'''
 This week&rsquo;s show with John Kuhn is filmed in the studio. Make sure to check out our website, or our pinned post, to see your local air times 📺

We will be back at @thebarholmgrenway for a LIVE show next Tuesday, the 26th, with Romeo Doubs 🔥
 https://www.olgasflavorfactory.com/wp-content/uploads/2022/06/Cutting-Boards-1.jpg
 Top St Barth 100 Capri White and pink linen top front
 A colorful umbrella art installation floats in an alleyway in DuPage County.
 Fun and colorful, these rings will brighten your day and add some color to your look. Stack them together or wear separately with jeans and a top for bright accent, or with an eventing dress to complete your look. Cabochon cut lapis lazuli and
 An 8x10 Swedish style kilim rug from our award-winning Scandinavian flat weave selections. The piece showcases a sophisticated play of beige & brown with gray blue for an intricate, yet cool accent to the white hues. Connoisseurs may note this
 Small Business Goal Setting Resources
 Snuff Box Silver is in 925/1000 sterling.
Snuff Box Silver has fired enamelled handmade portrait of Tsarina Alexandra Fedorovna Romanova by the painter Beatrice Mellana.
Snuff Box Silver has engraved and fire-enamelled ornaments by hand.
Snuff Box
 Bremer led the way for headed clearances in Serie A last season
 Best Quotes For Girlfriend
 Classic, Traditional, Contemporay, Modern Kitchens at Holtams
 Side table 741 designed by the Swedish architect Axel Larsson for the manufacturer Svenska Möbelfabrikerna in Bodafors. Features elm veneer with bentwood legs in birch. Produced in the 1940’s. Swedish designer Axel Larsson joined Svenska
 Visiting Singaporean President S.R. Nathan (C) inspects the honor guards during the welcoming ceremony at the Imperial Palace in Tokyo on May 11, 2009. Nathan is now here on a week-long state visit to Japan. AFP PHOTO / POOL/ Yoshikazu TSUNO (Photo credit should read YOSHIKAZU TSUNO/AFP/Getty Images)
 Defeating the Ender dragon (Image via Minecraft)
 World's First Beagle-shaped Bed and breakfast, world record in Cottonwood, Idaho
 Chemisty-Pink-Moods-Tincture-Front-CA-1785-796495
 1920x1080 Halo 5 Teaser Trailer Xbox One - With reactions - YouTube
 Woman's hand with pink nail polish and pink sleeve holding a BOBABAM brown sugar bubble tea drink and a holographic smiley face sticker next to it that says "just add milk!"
'''
* PROBLEM
When a line in the material above holds the word "next", copy that line.

* SOLUTION
We will be back at @thebarholmgrenway for a LIVE show next Tuesday, the 26th, with Romeo Doubs 🔥
 Woman's hand with pink nail polish and pink sleeve holding a BOBABAM brown sugar bubble tea drink and a holographic smiley face sticker next to it that says "just add milk!"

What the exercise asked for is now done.